___ INFORMATION SHOWN ___

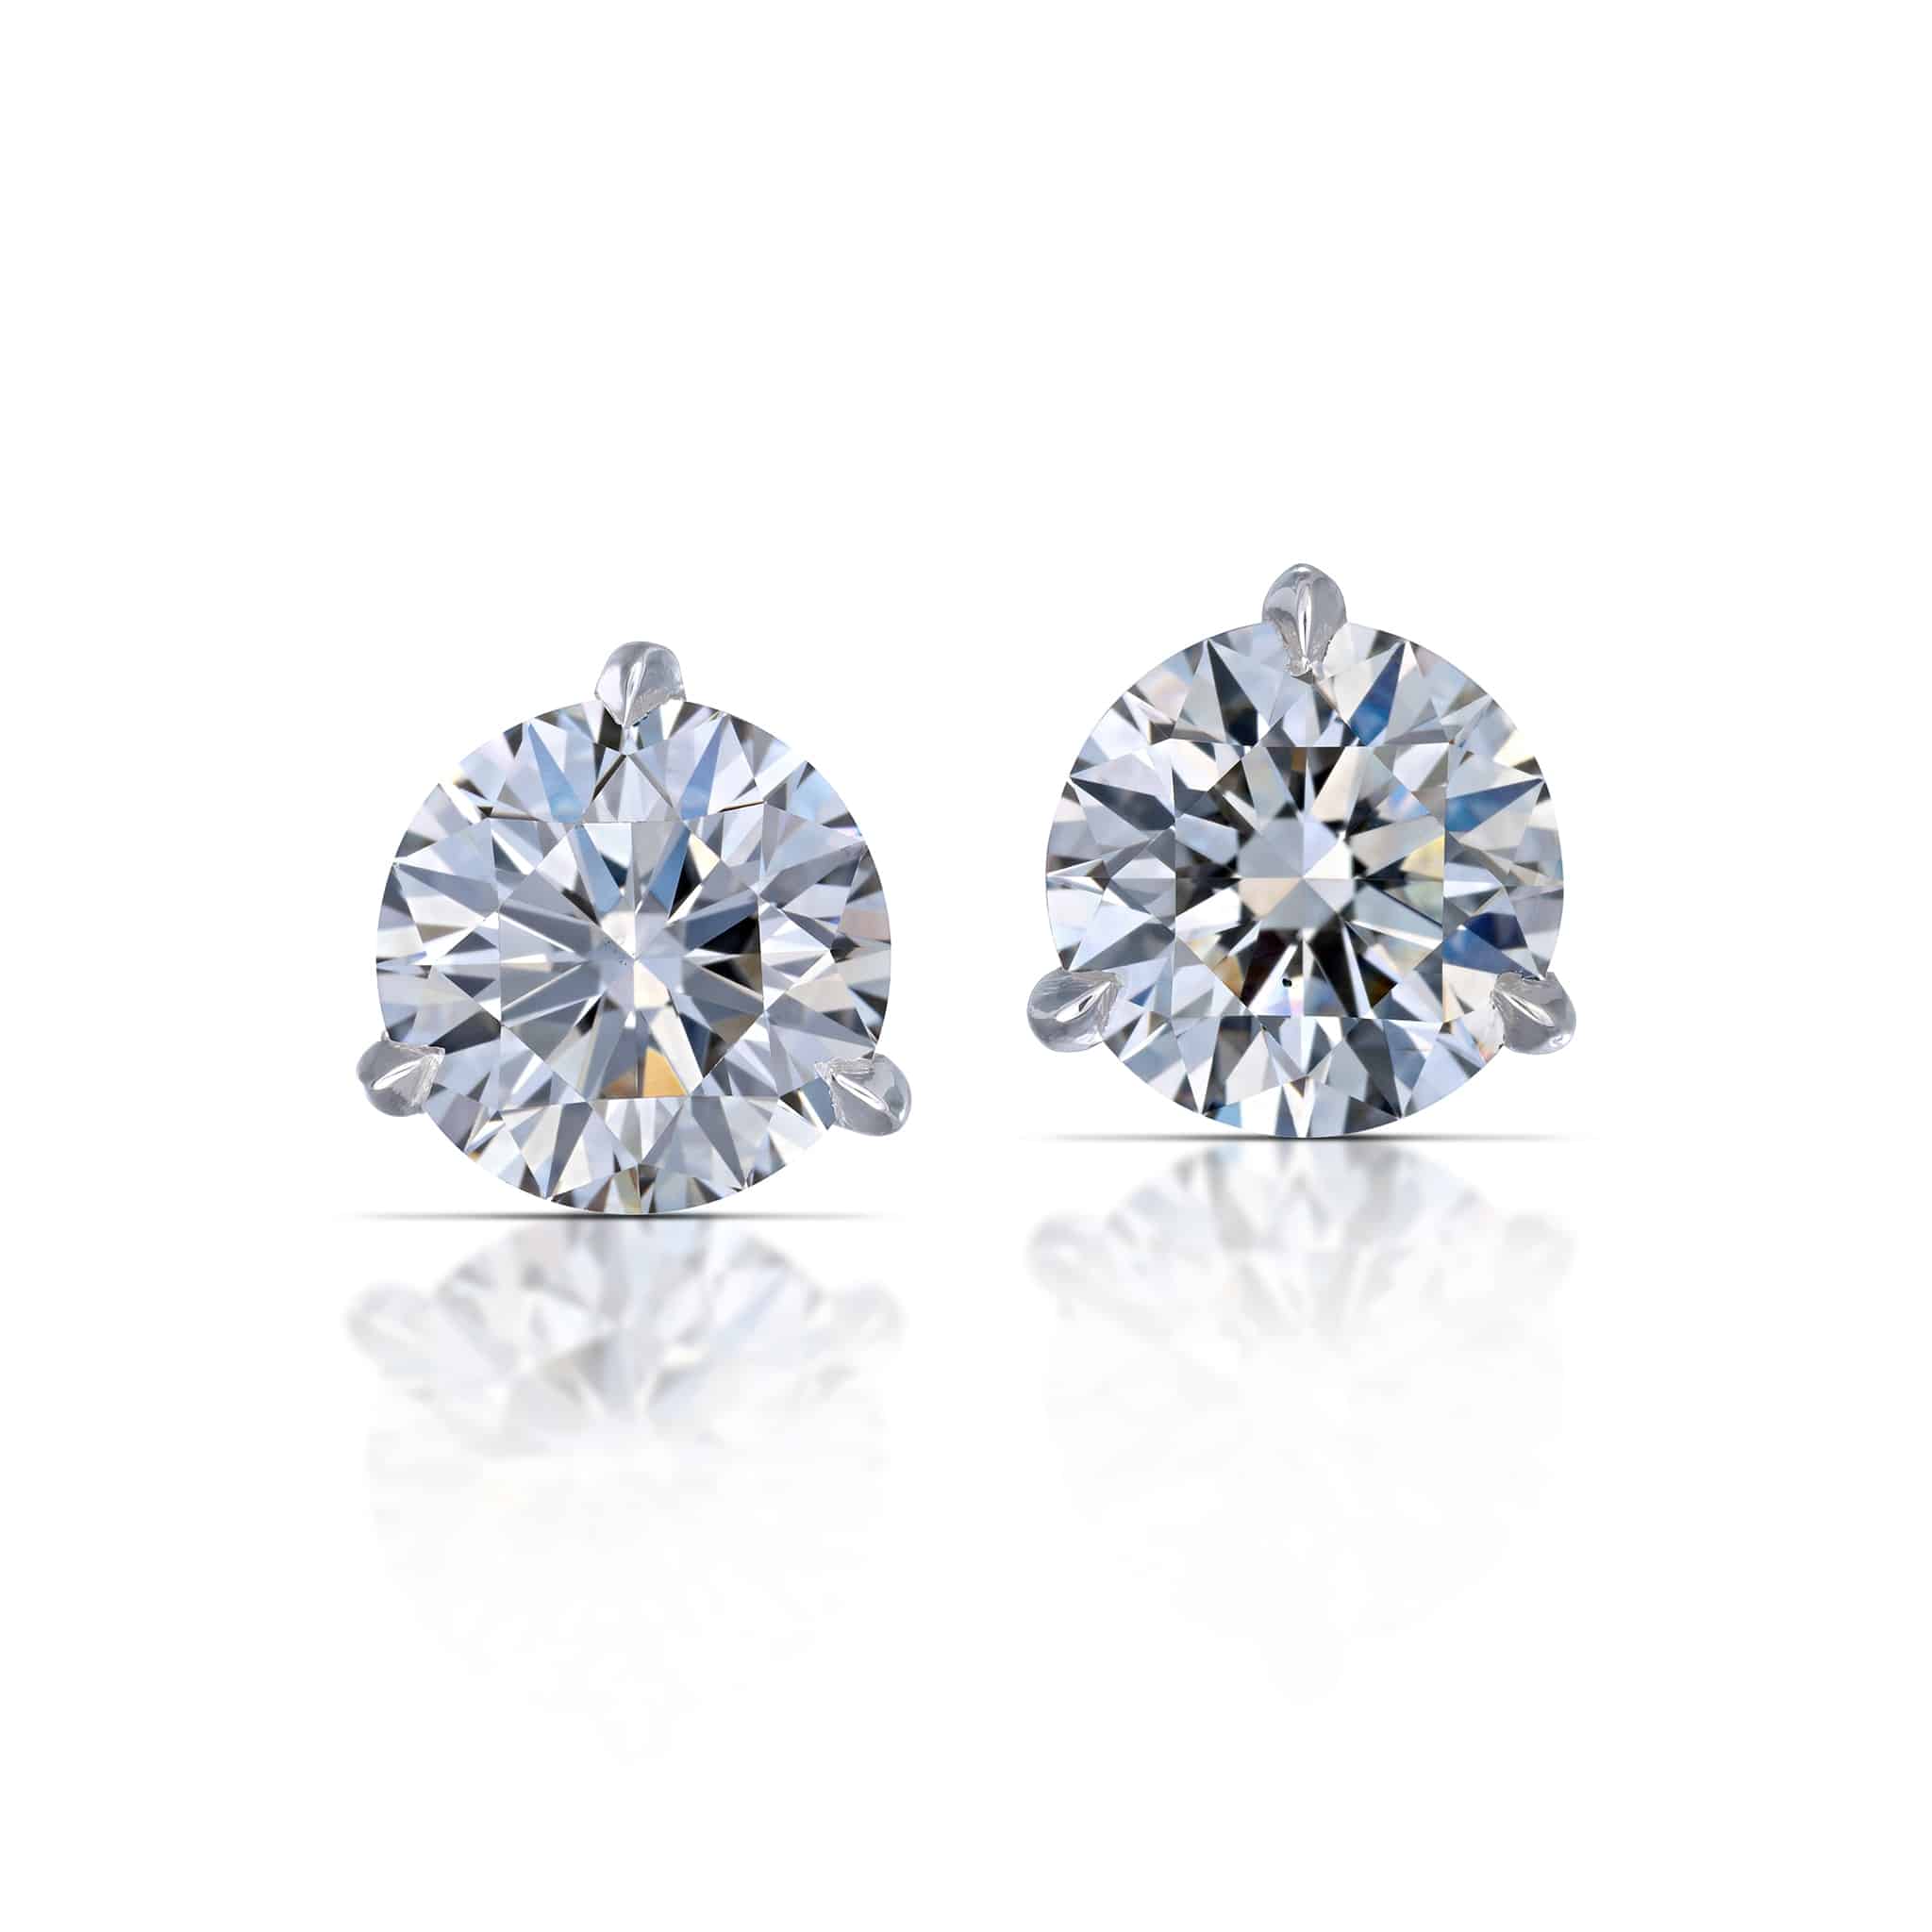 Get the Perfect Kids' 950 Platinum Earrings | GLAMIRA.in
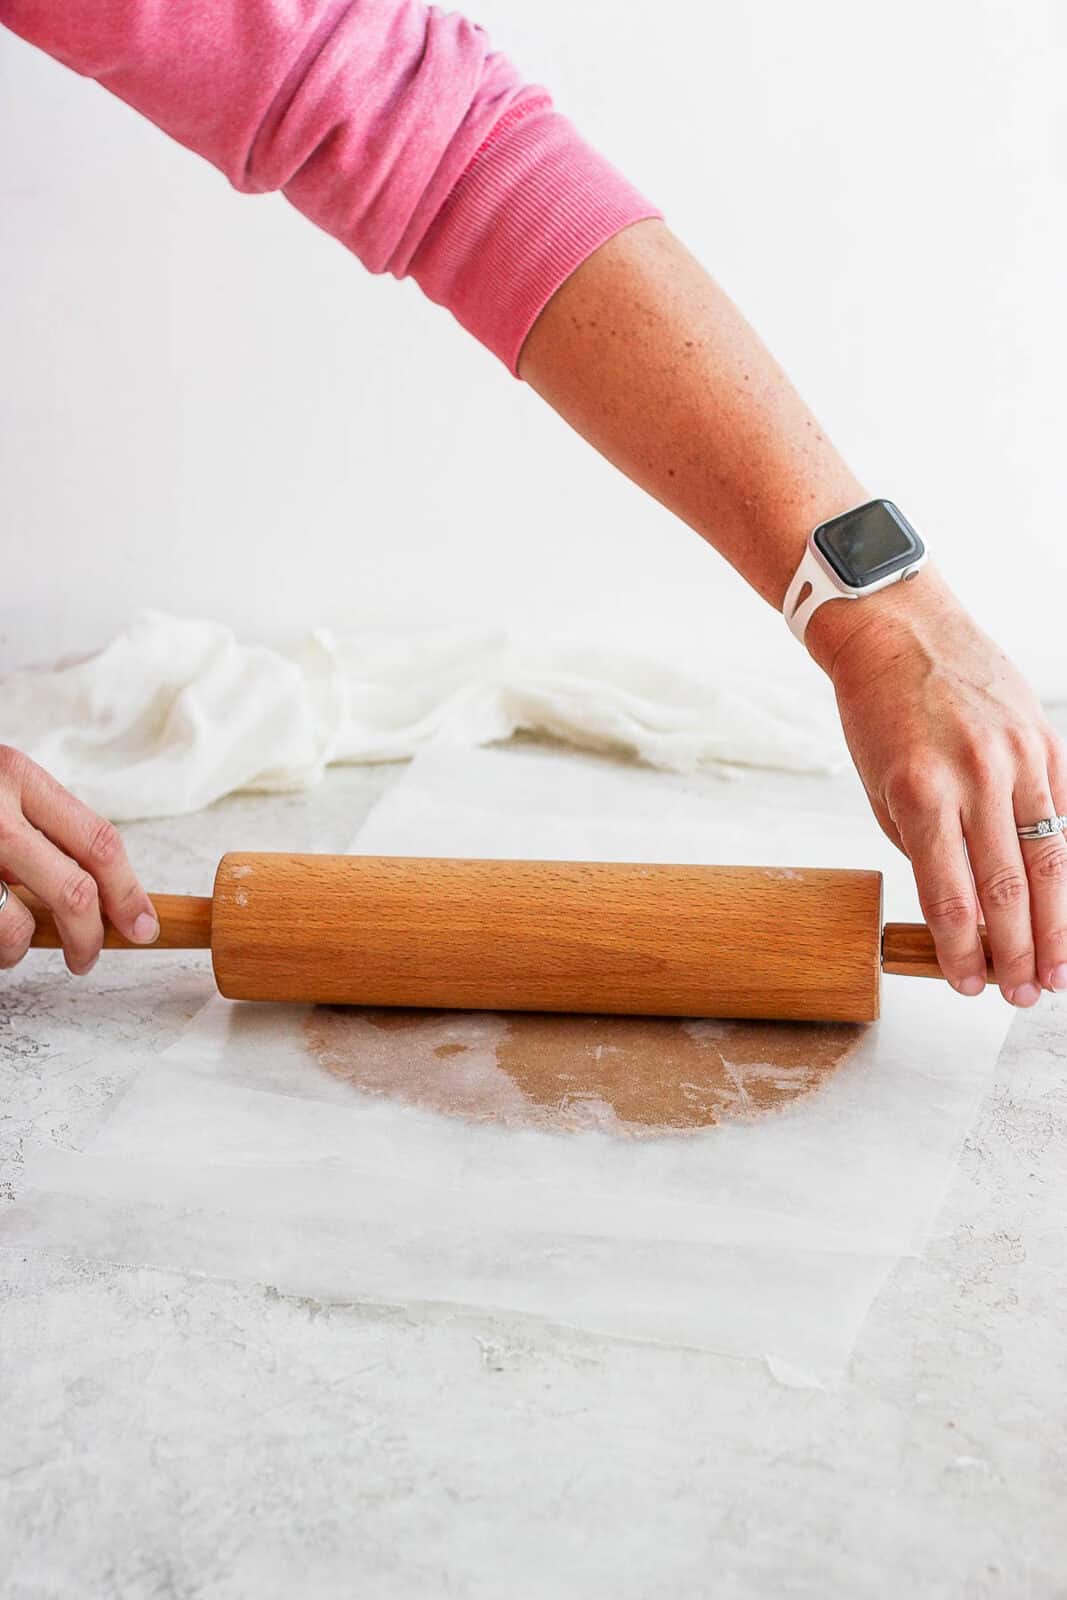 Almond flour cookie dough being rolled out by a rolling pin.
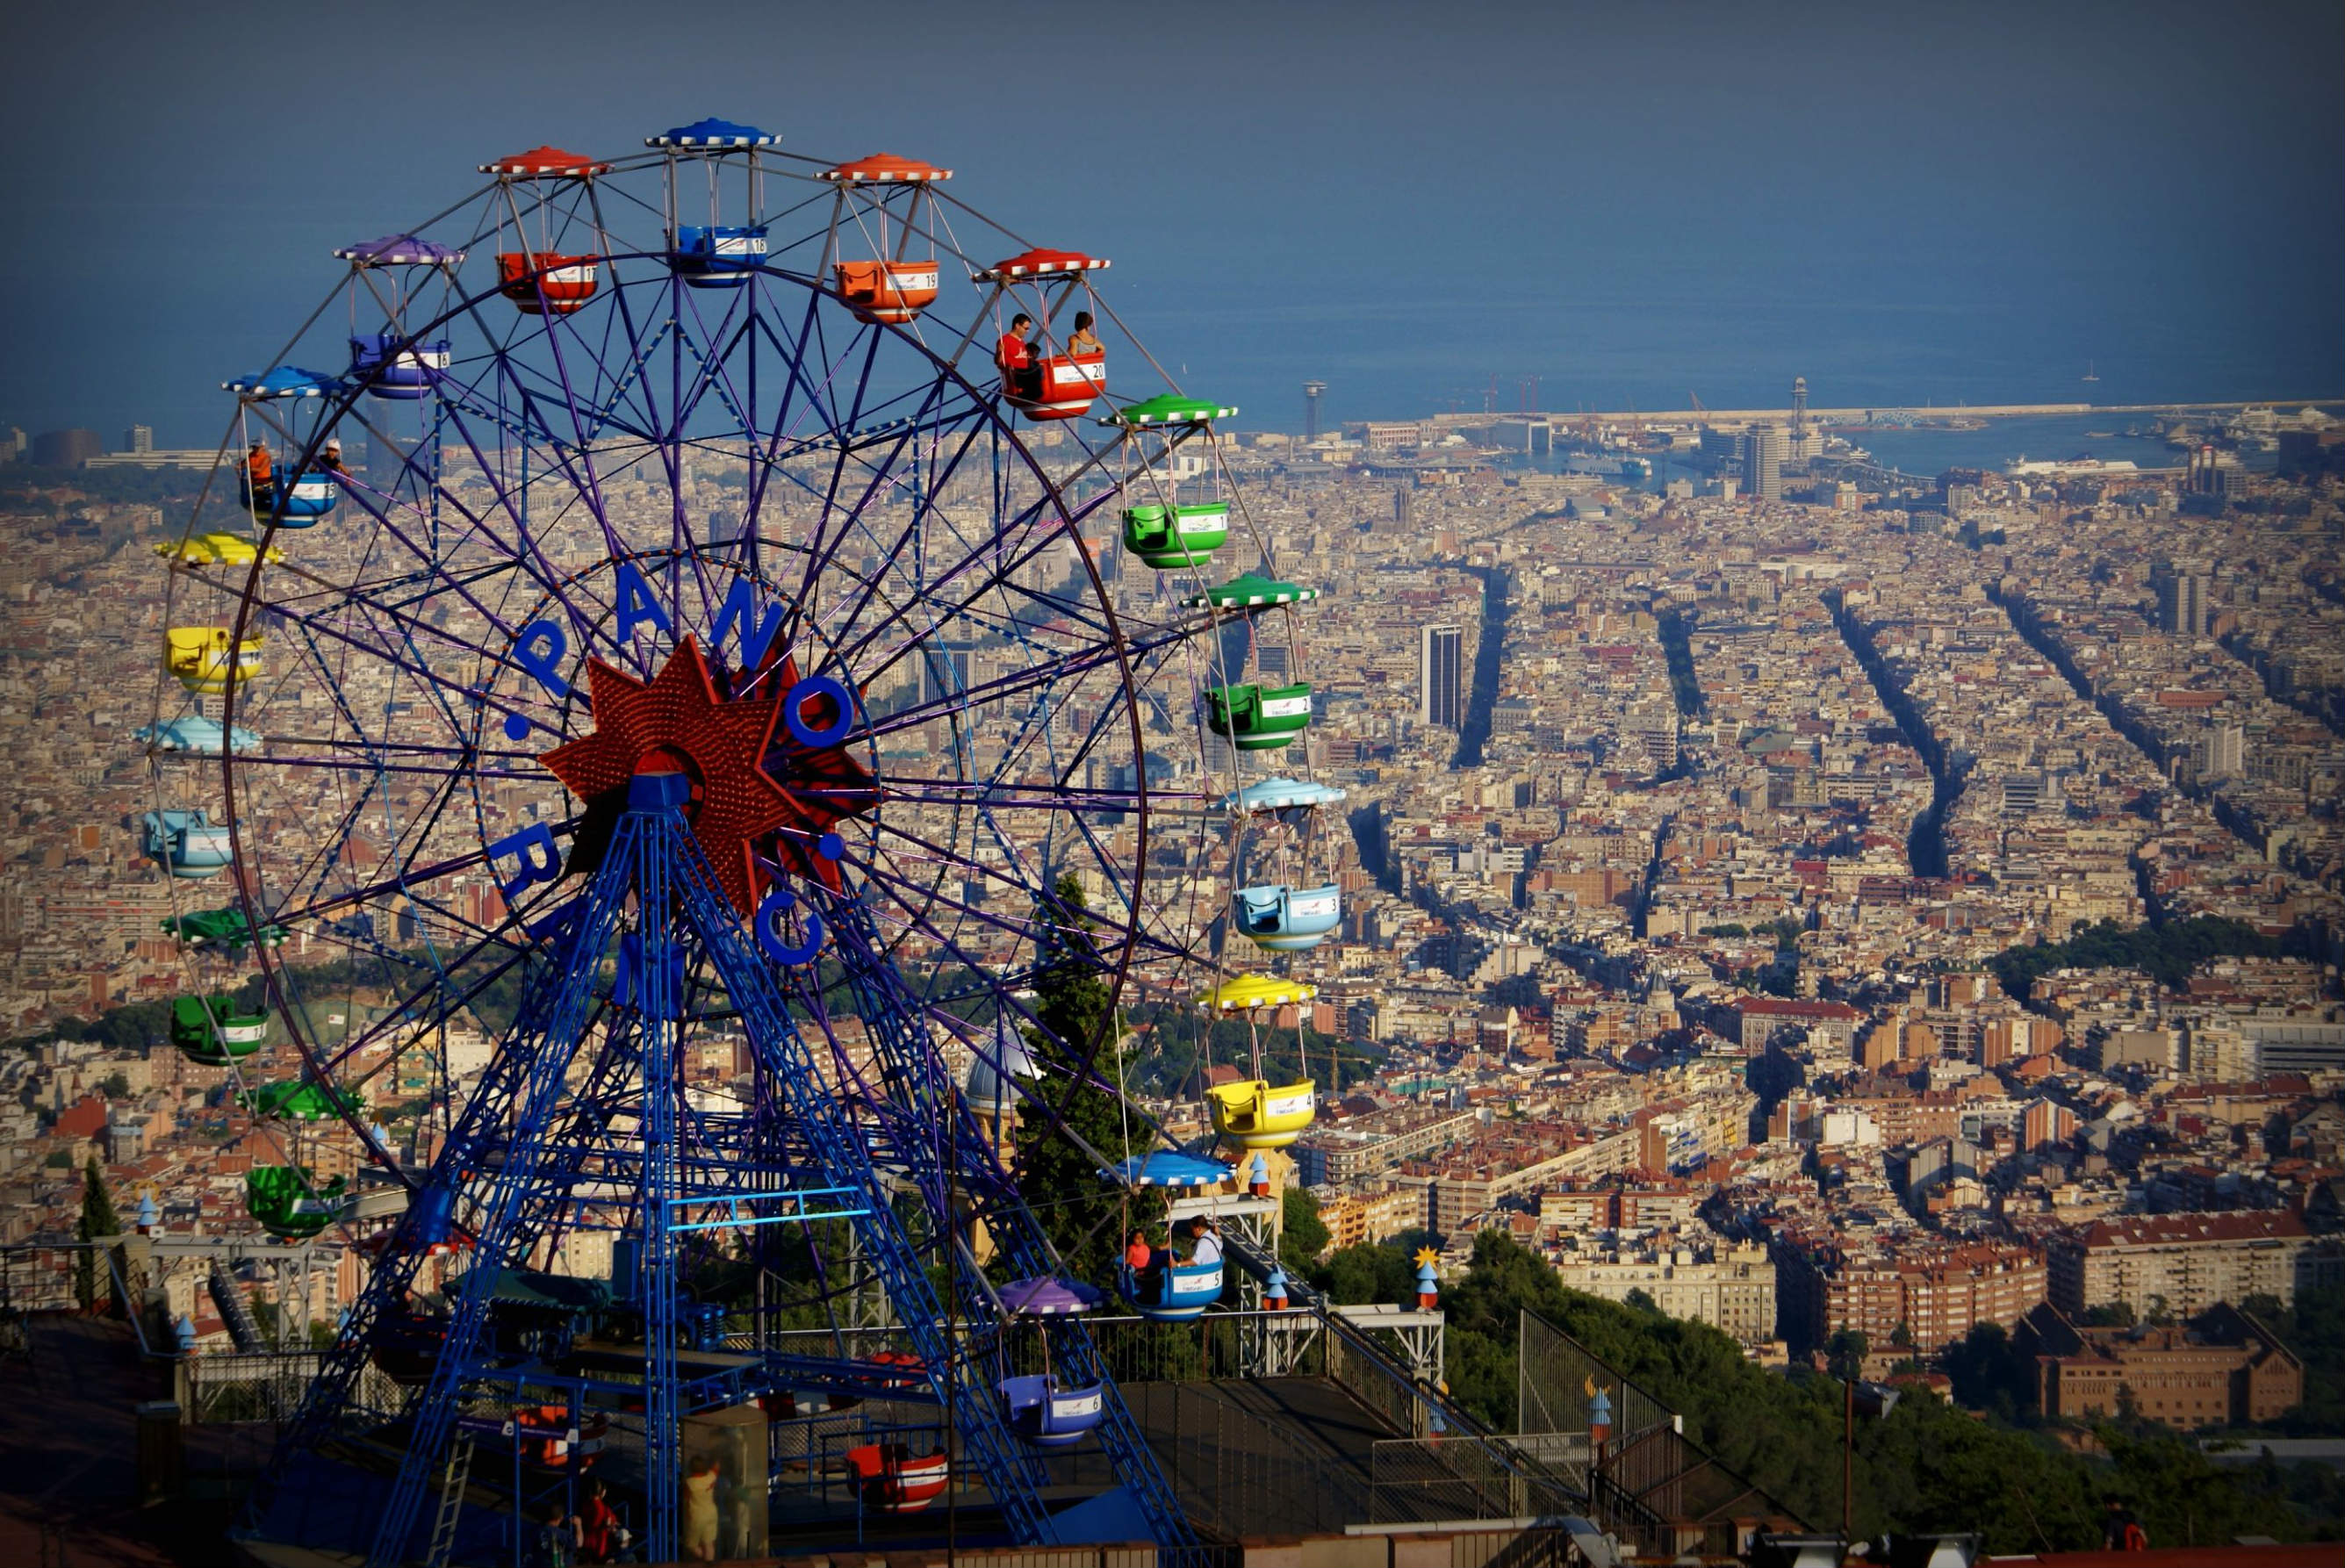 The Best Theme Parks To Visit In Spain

___

**TASK**
Quote the data above in full and without alteration; skip the pictures.

**SOLUTION FOR THIS PROBLEM**
 Get the Perfect Kids' 950 Platinum Earrings | GLAMIRA.in
 Almond flour cookie dough being rolled out by a rolling pin.
 The Best Theme Parks To Visit In Spain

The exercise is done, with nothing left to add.